*Work instructions*: Nothing may be left out of the listing below but its images; repeat the rest exactly.

=== Material provided ===

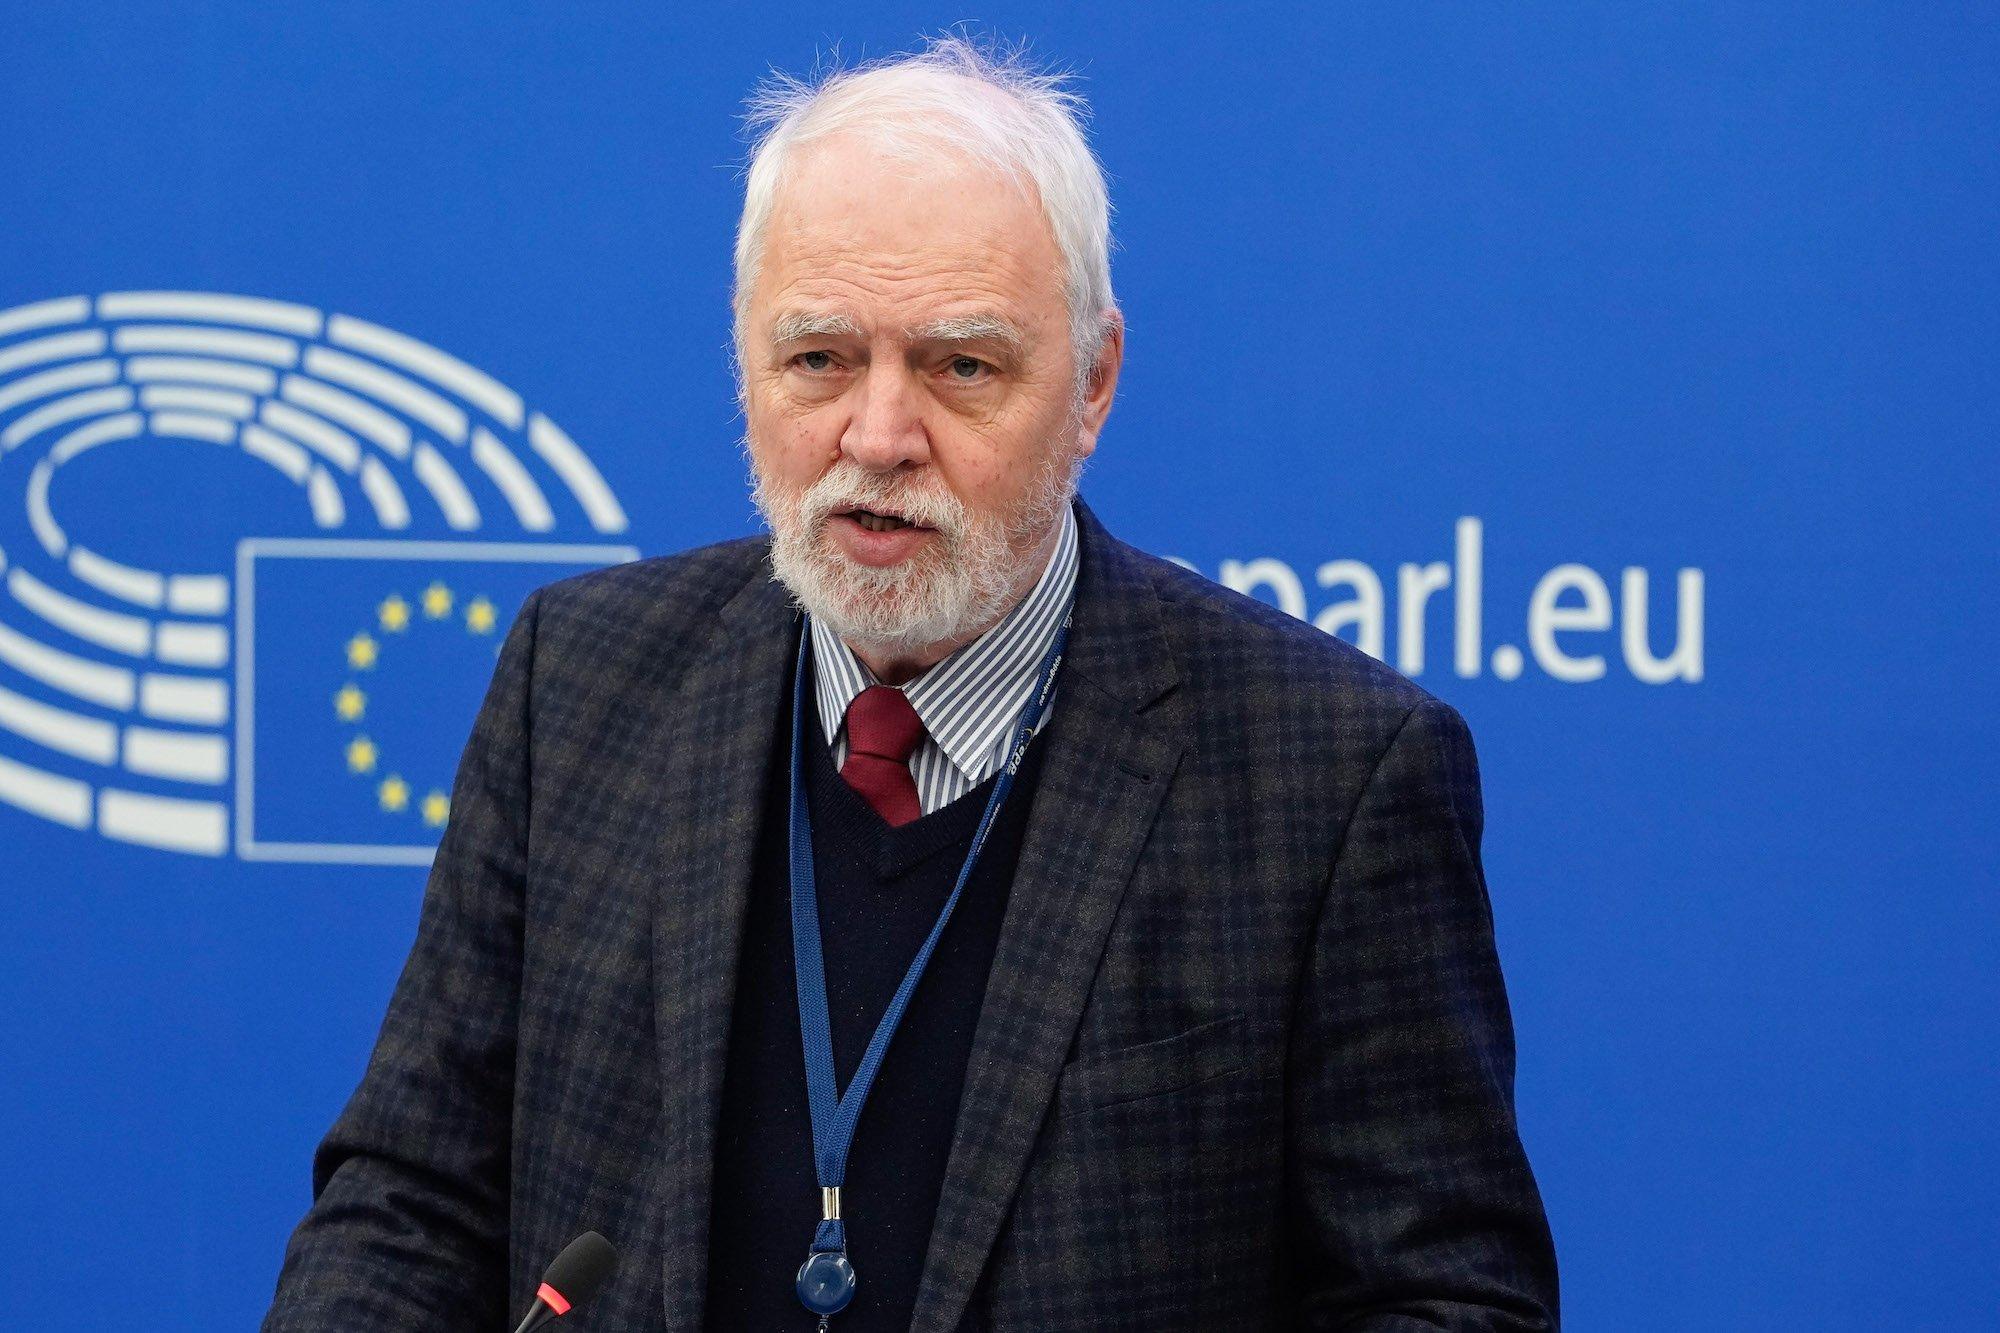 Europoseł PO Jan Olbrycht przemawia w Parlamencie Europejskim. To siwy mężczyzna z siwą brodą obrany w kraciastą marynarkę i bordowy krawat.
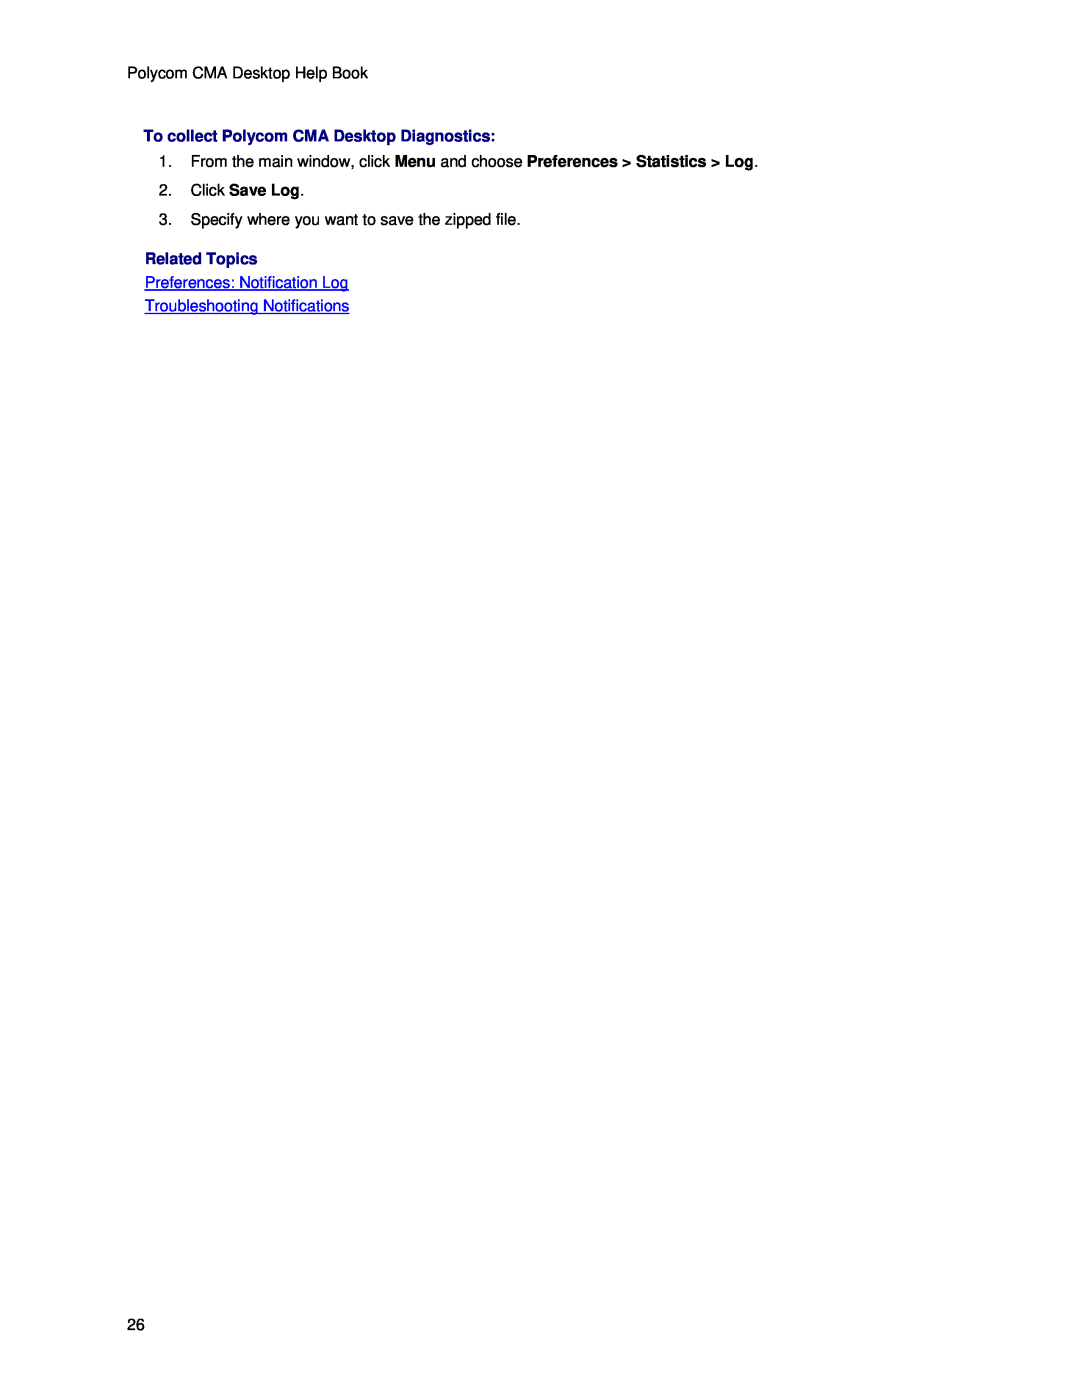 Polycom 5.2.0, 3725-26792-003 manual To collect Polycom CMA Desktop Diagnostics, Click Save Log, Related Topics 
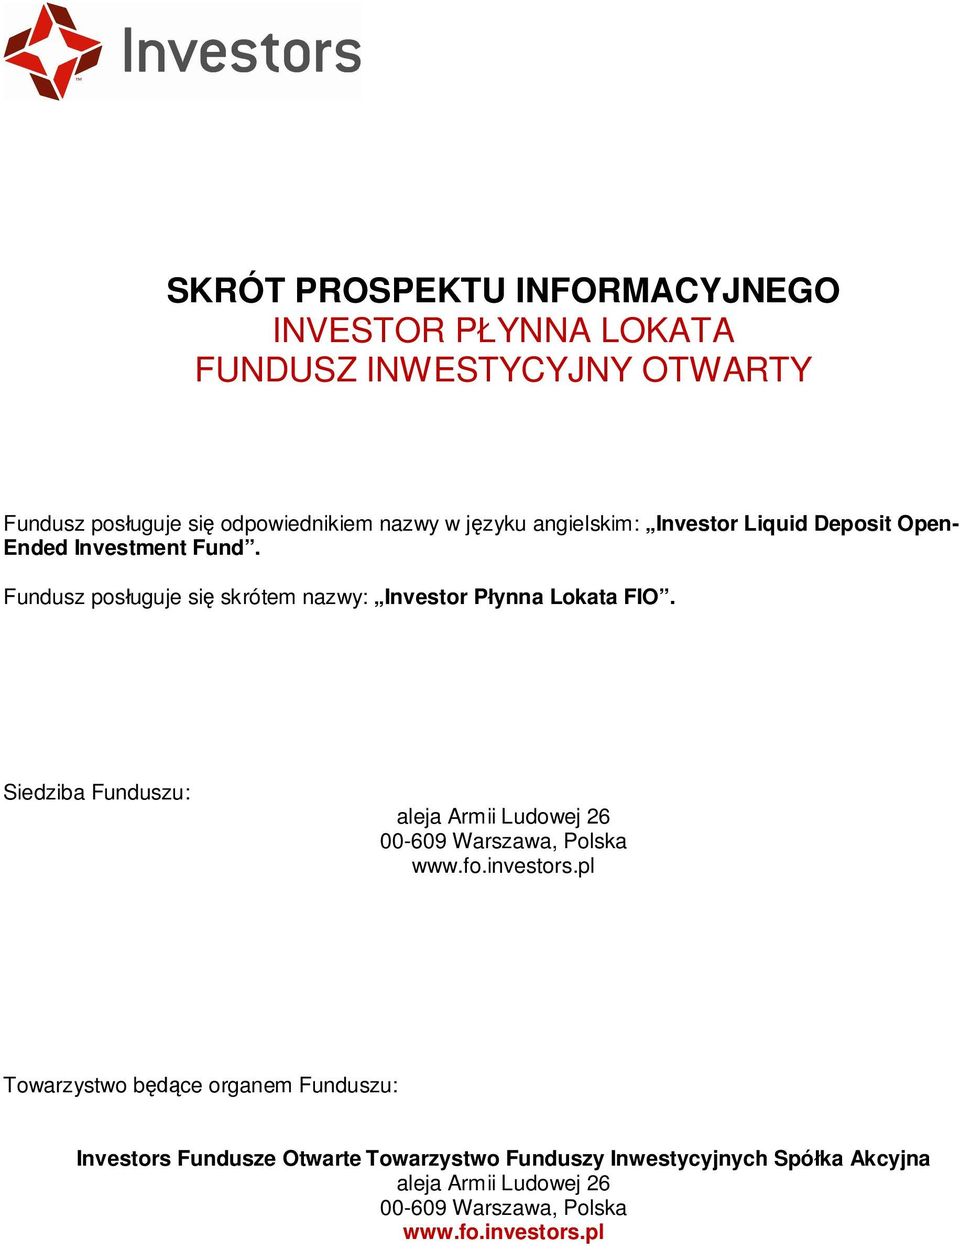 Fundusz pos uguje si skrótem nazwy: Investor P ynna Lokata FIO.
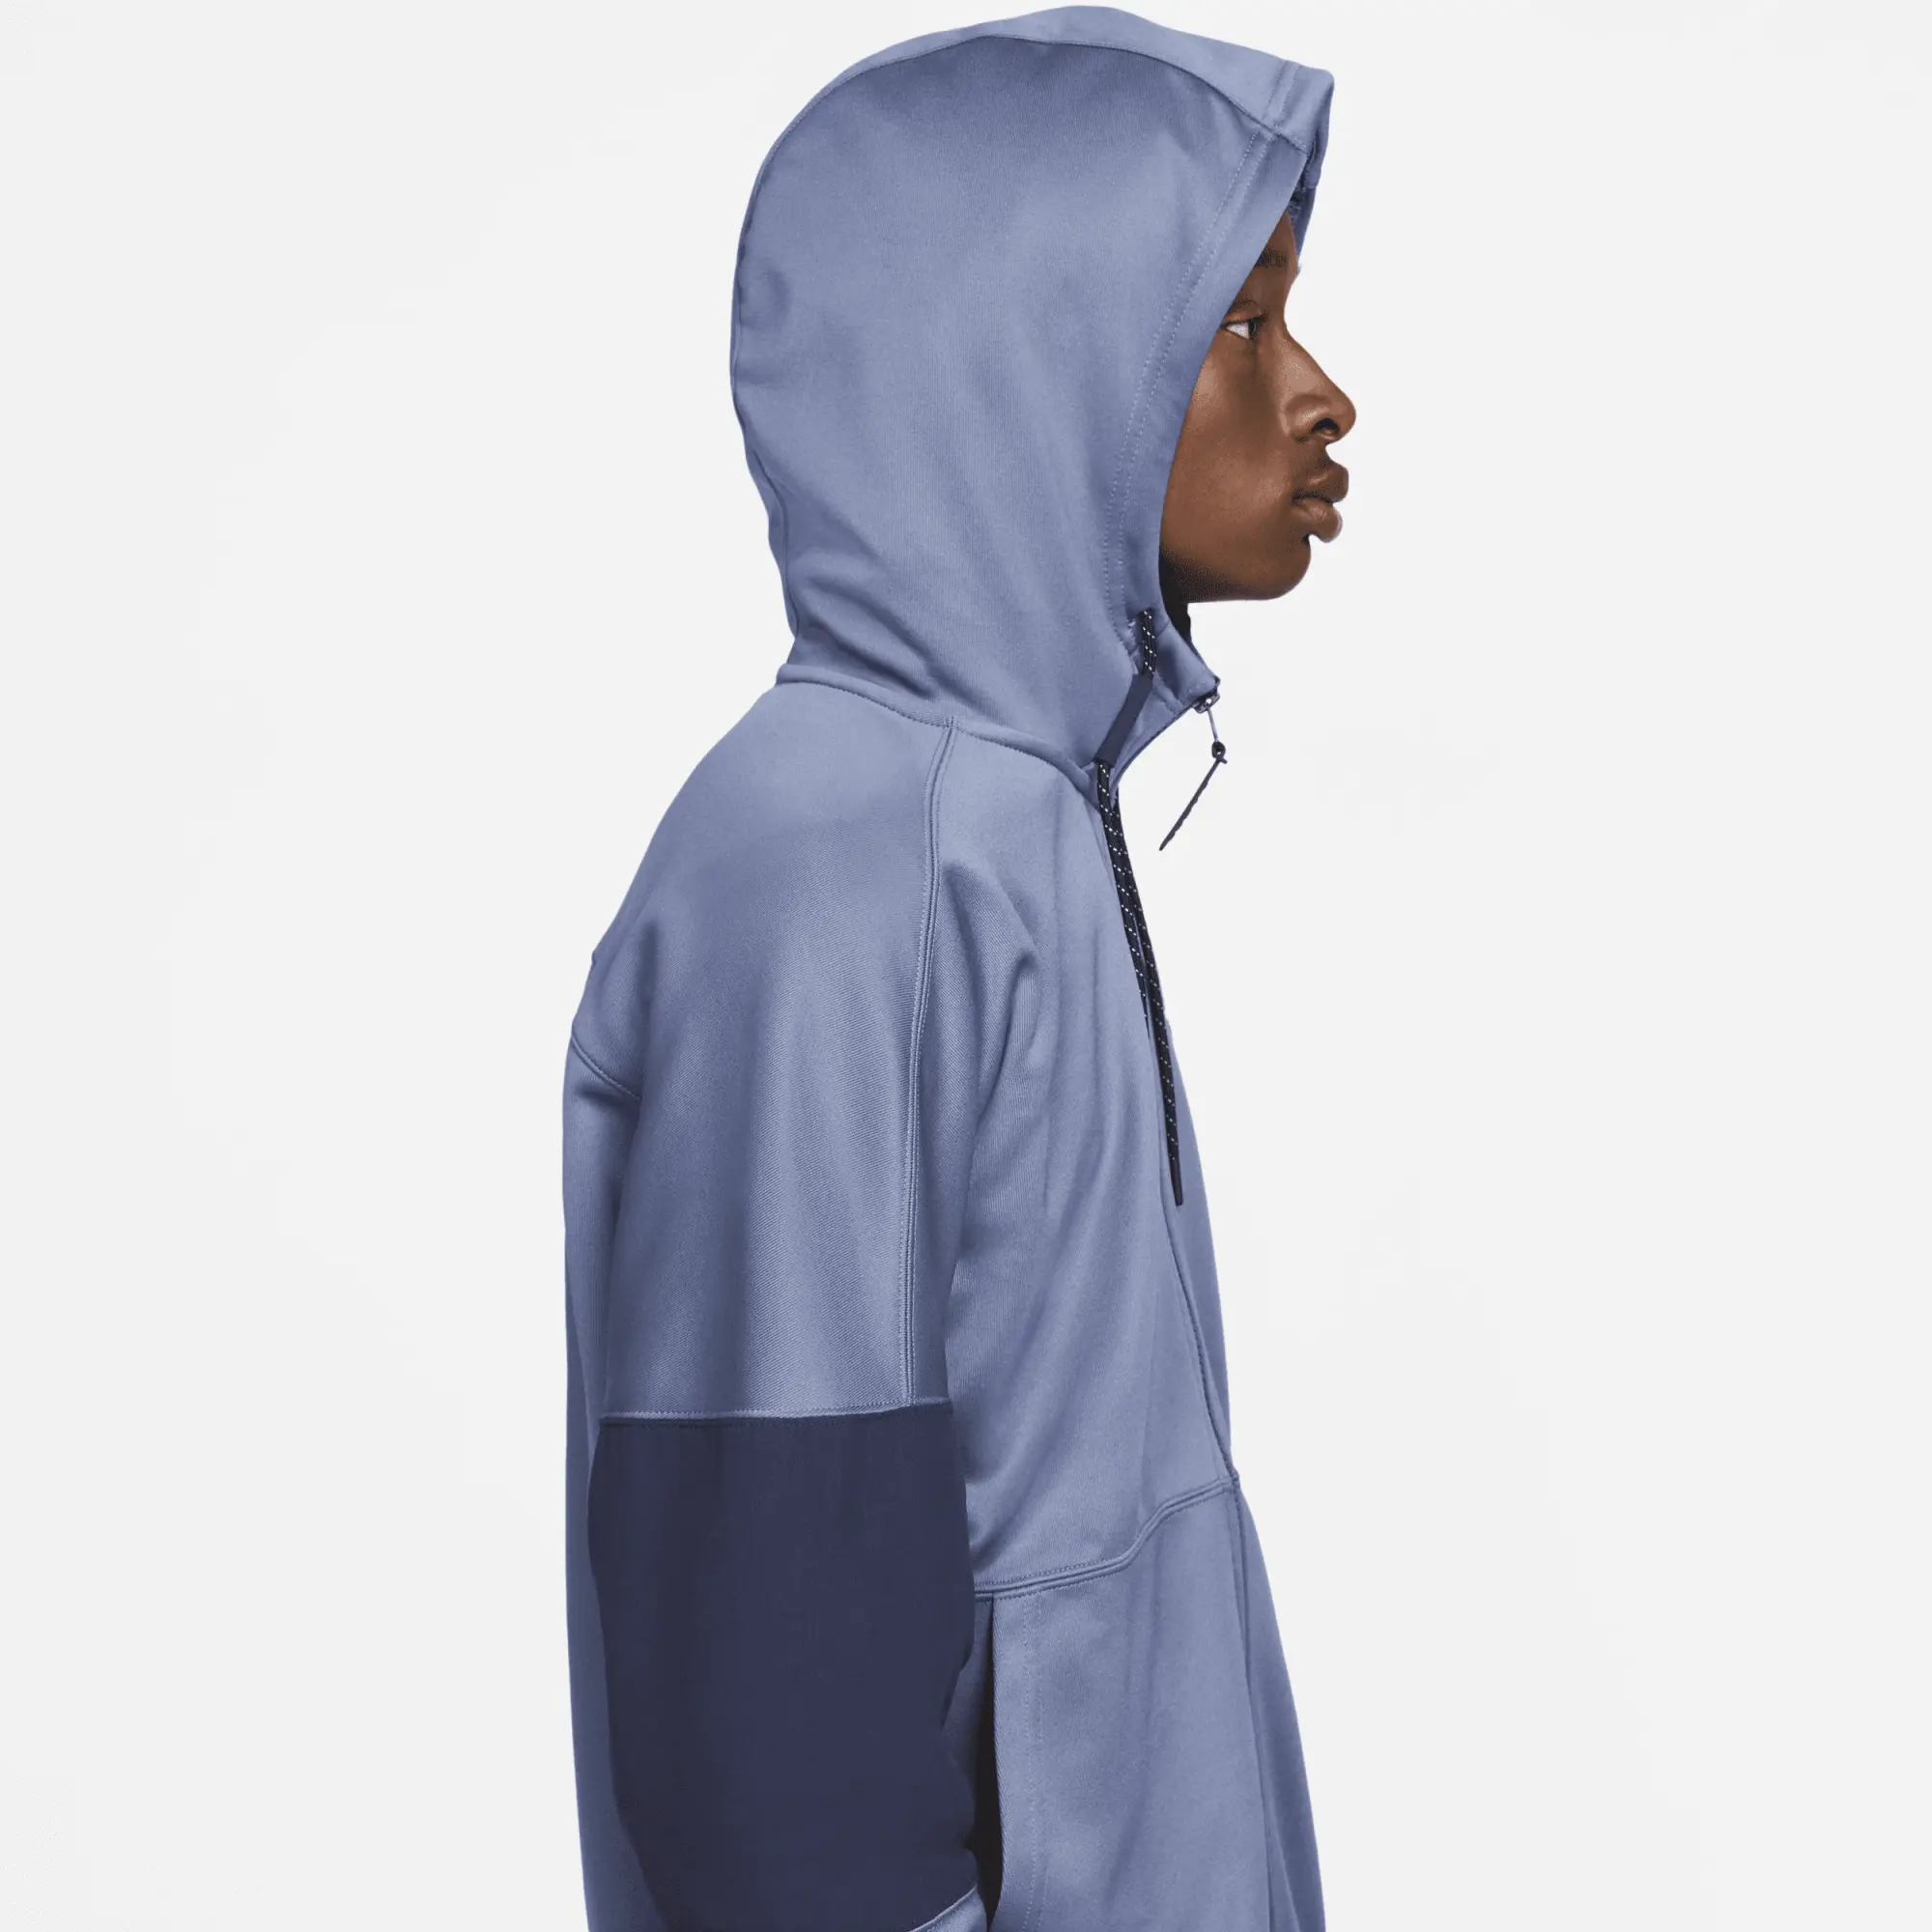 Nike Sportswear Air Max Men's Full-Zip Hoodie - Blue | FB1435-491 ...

===

*Finished exercise*:
 Europoseł PO Jan Olbrycht przemawia w Parlamencie Europejskim. To siwy mężczyzna z siwą brodą obrany w kraciastą marynarkę i bordowy krawat.
 Polycom 5.2.0, 3725-26792-003 manual To collect Polycom CMA Desktop Diagnostics, Click Save Log, Related Topics 
 Fundusz pos uguje si skrótem nazwy: Investor P ynna Lokata FIO.
 Nike Sportswear Air Max Men's Full-Zip Hoodie - Blue | FB1435-491 ...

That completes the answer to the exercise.